● **Data block**:

________________________________________

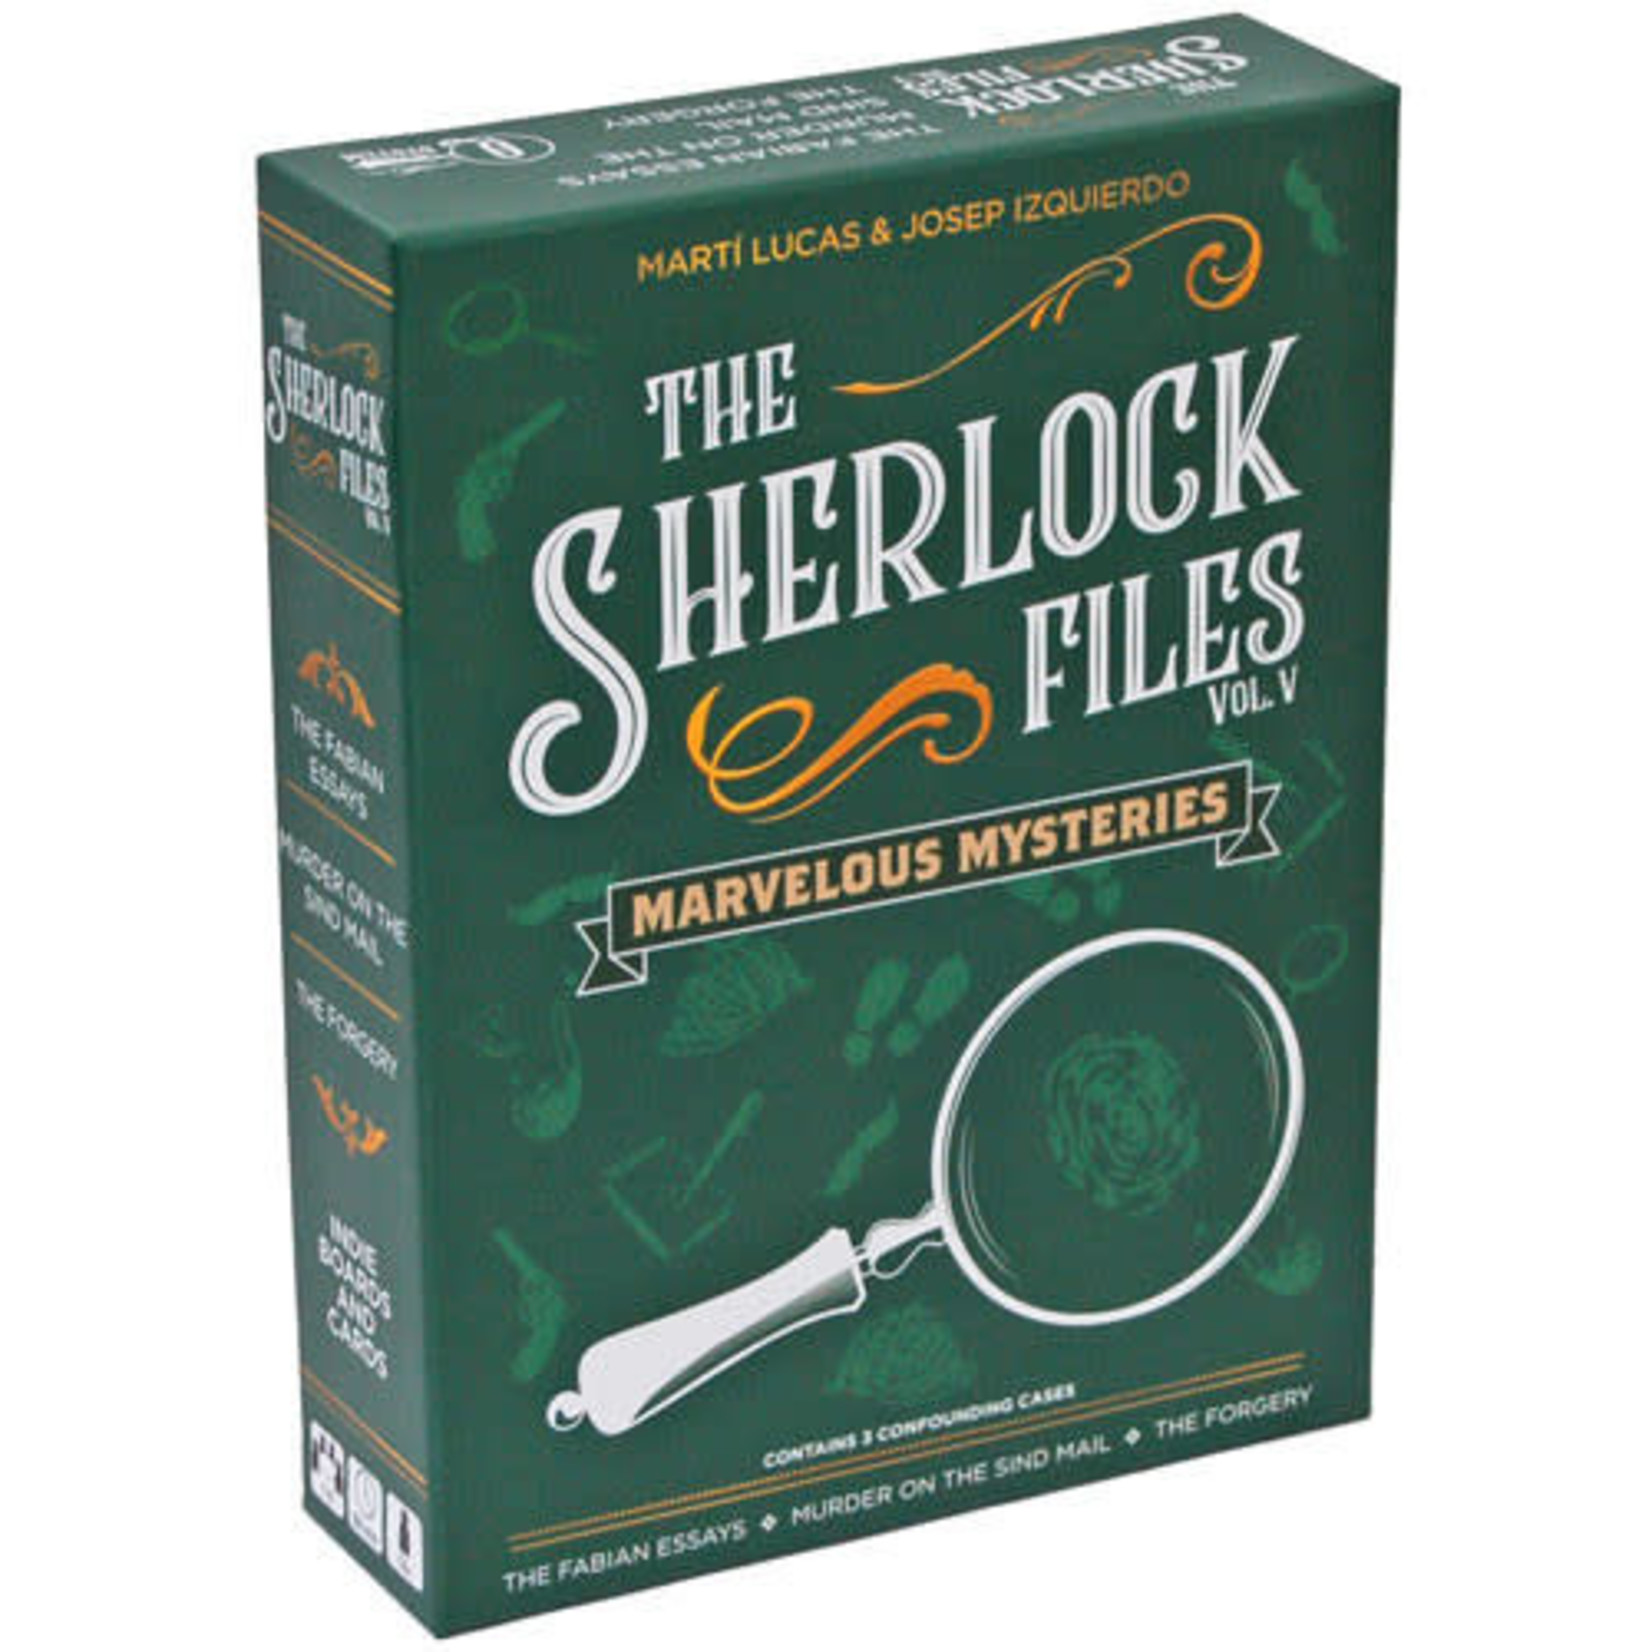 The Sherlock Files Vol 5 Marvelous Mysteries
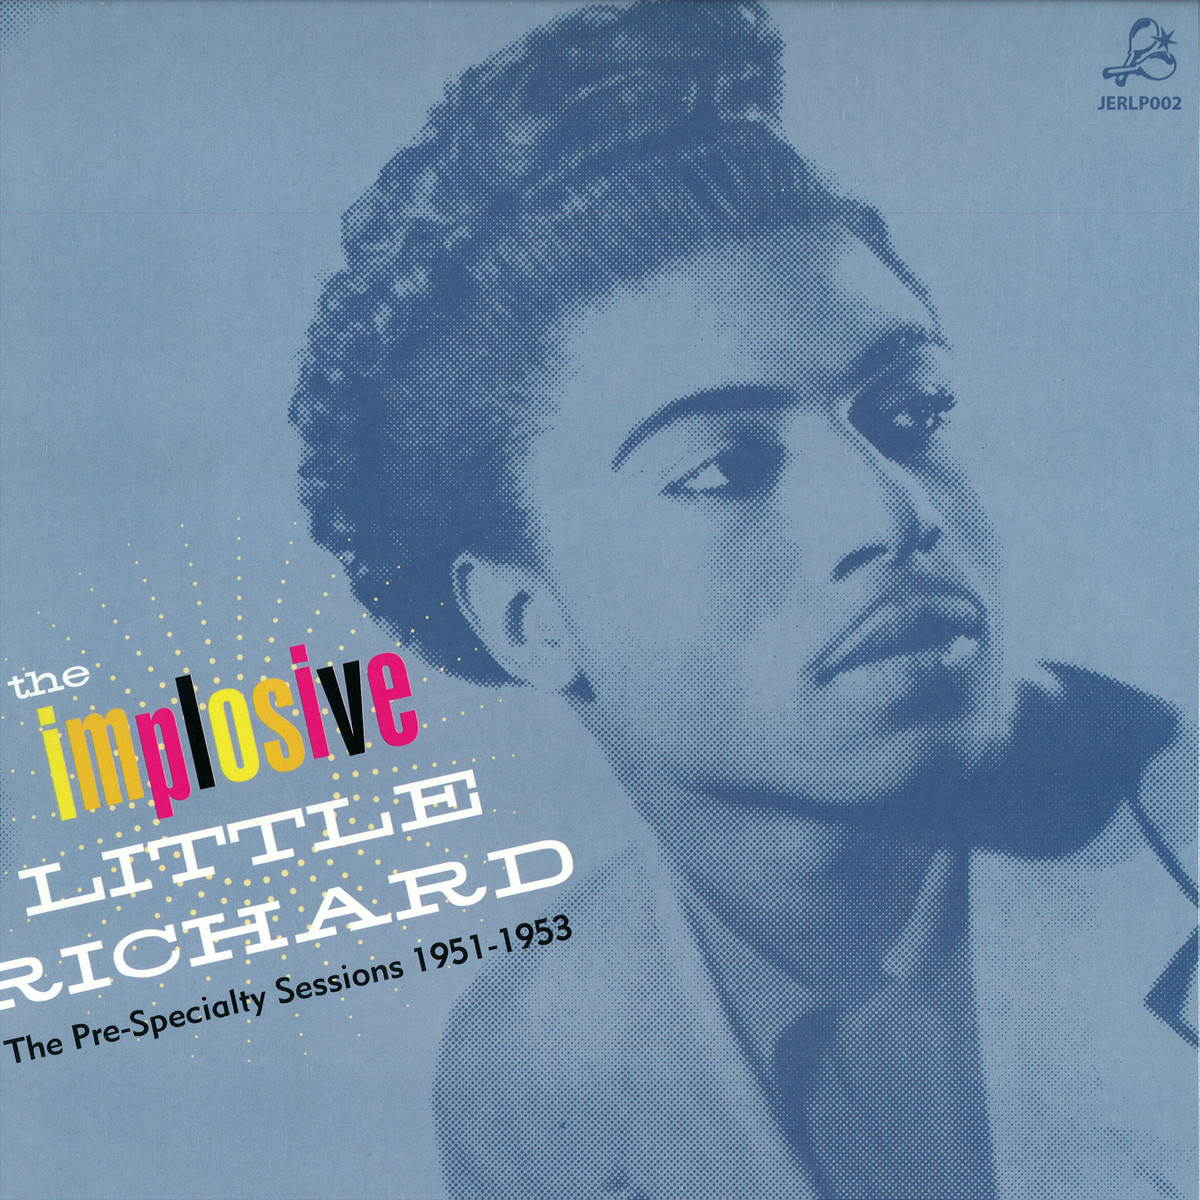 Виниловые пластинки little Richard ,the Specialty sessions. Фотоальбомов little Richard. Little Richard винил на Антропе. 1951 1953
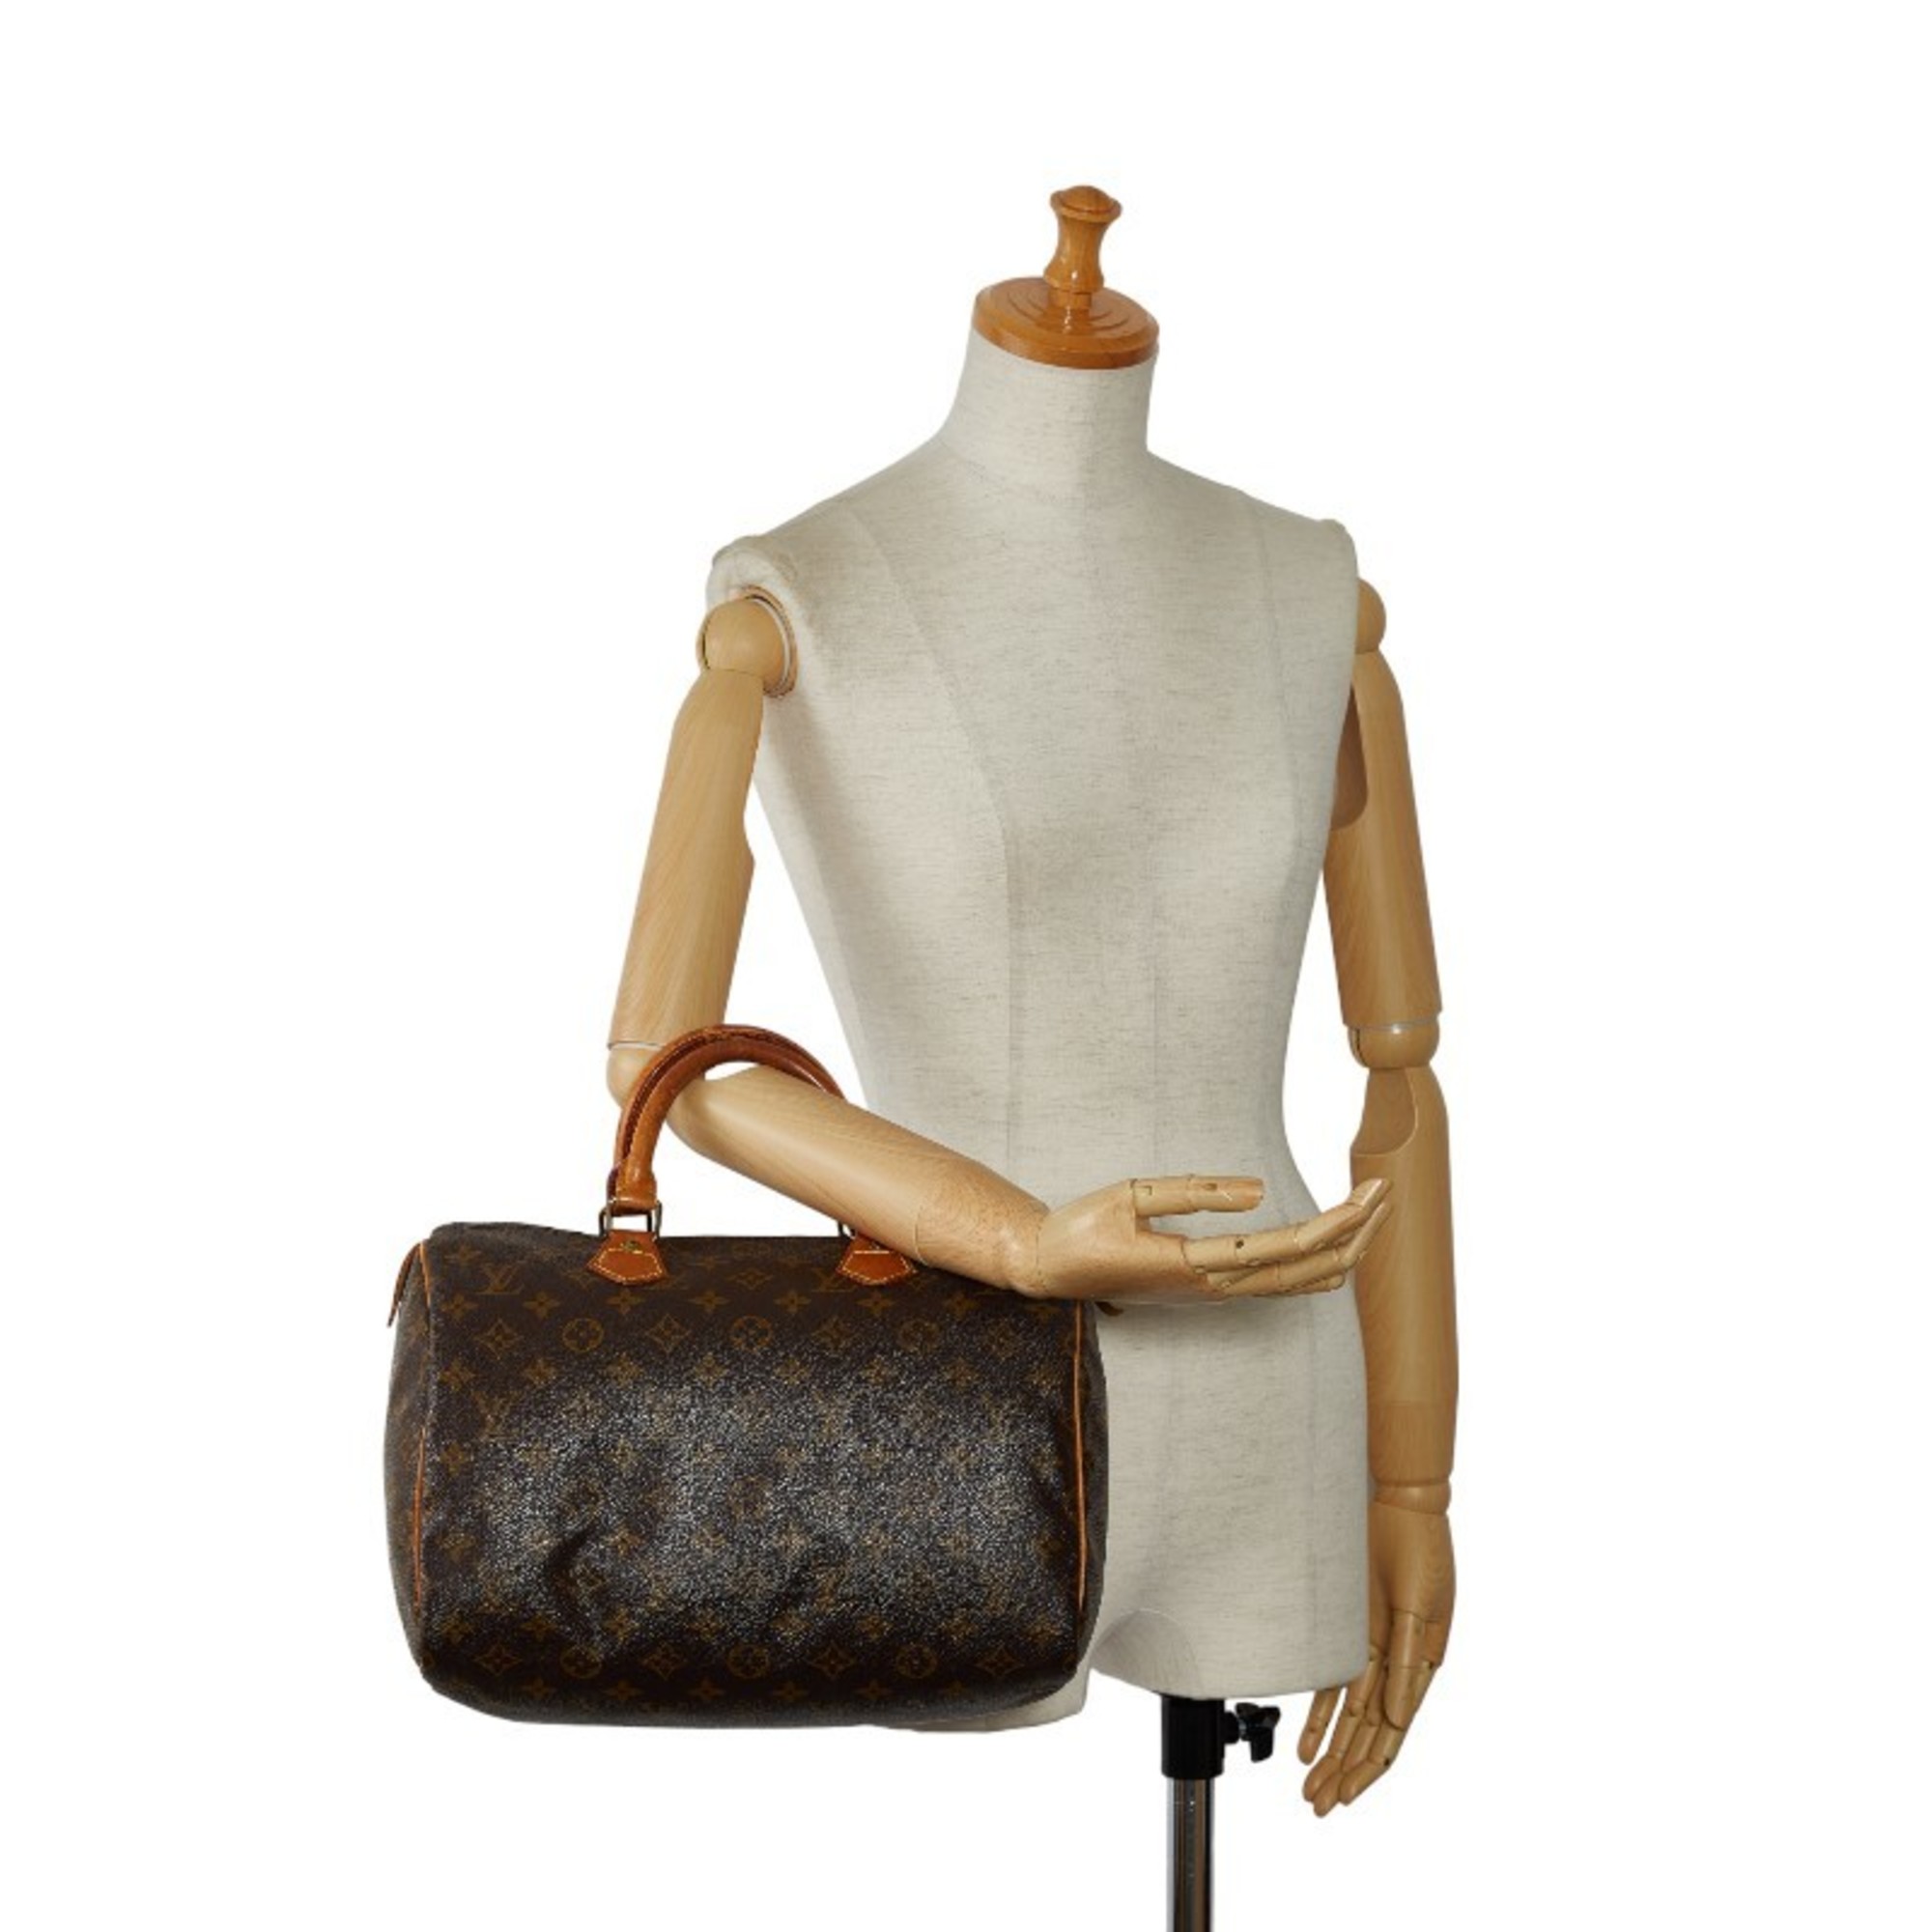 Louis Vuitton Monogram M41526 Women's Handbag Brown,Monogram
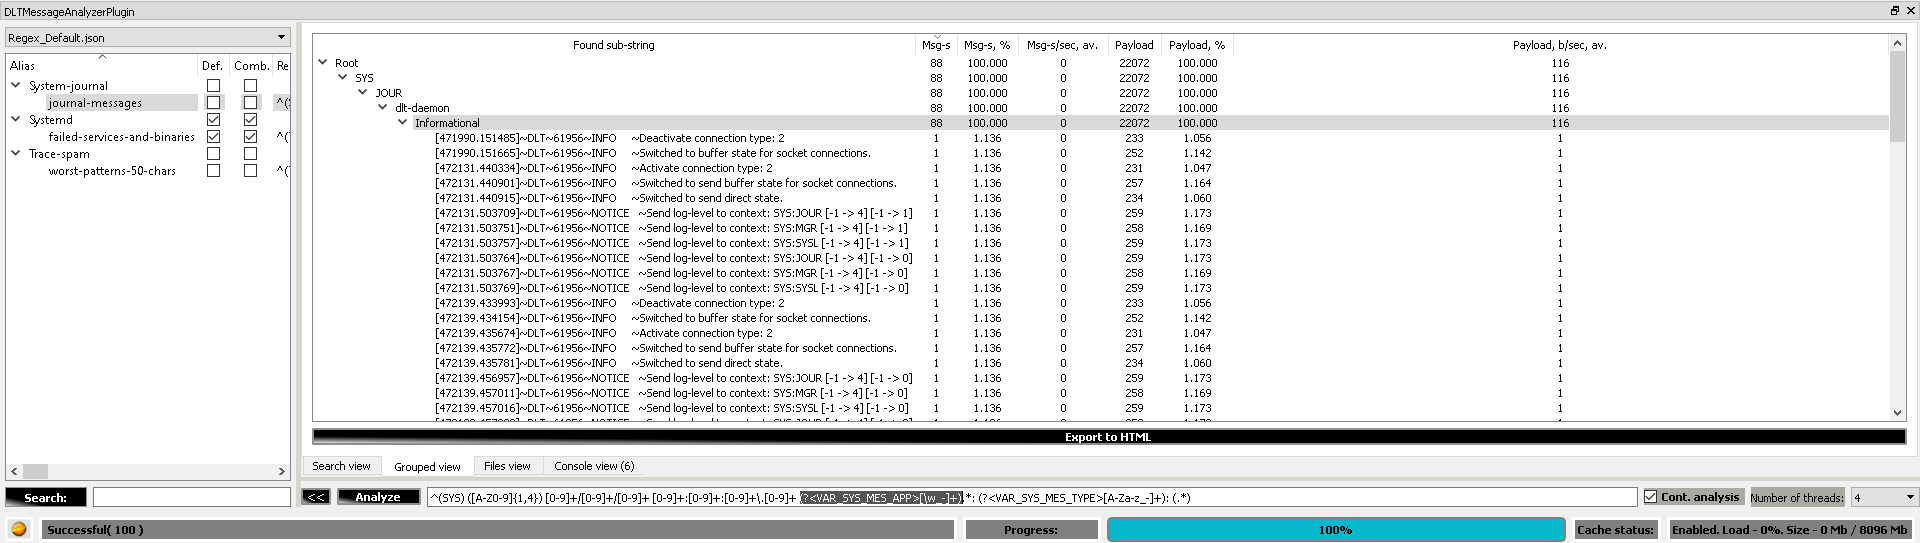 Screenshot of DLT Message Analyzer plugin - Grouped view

________________________________________

● **Exercise details**:
Word for word, write out the whole listing, keeping none of the pictures.

● **Answer box**:
 The Sherlock Files Vol 5 Marvelous Mysteries
 Виниловые пластинки little Richard ,the Specialty sessions. Фотоальбомов little Richard. Little Richard винил на Антропе. 1951 1953
 Louis Vuitton Monogram M41526 Women's Handbag Brown,Monogram
 Screenshot of DLT Message Analyzer plugin - Grouped view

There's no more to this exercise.